The Myth of a Global Conspiracy
I would like to correct a mistaken impression left by the letter "The US, UN, and a 'New World Order,' " Aug. 15.
The author cites the 1994 Human Development Report, which he says is published by the United Nations Development Programme (UNDP). In fact, the Human Development Report is produced annually for the UNDP by a team of independent consultants. Its purpose is to promote global debate on development issues by airing a wide range of opinions from leading economists and theoreticians.
As I state in the "Foreword" to the 1994 report, the views expressed do not necessarily reflect those of the UNDP, its executive board, or other member governments. UNDP policies and programs are determined by the executive board, which includes the US among its 36 members.

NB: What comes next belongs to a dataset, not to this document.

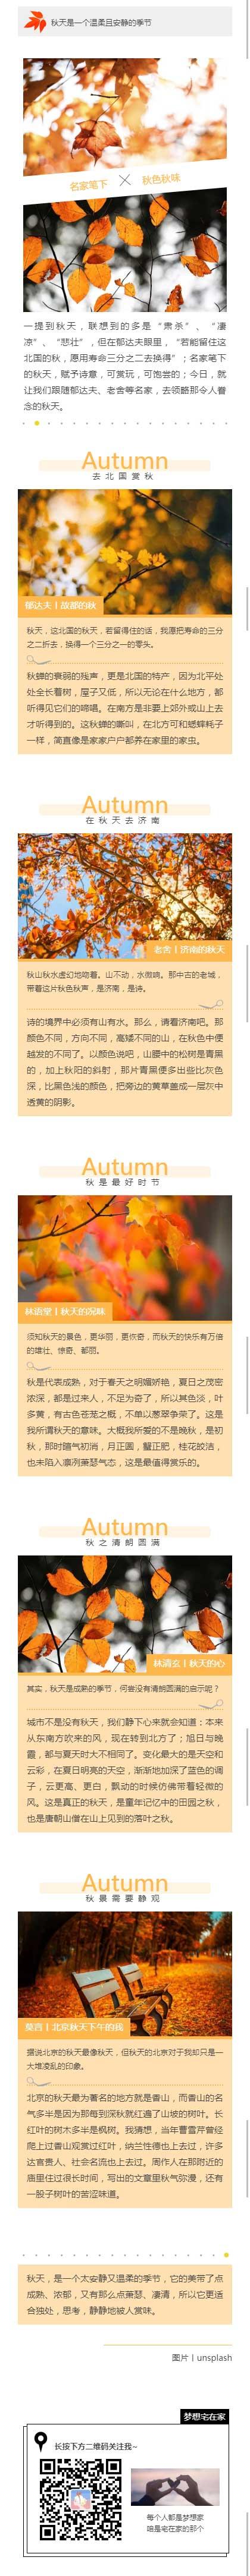 秋天是一个温柔且安静的季节金黄色落叶风格模板

As the attribution in the 1994 Human Development Report makes clear, the remarks cited by the author concerning the need for a world government come from Jan Tinbergen, winner of the 1969 Nobel Prize for Economics. Mr. Tinbergen's view is one of many expressed in the report in the interest of stimulating far-reaching dialogue that can lead to lasting solutions to world problems of poverty and deprivation.
James Gustave Speth
United Nations Development Programme
I wonder at the author's logic. How can sharing the burden of pollution control, environmental protection, maintaining fishing grounds, sharing sea lanes, airways control, or fighting disease take away our independence as a nation? There is no way any nation can handle these problems alone.
Certainly we are savvy enough not to give away the ability to govern ourselves. The question is are we savvy enough to know when cooperating with others is in our own interest?
Betty C. Taylor
Indonesia's role in East Timor
The opinion-page article "East Timor Awaits Independence," Aug. 19, paints an inaccurate picture of a province that, like Angola and Mozambique, had the misfortune of being colonized by Portugal, a country without success in hundreds of years of its colonizing history.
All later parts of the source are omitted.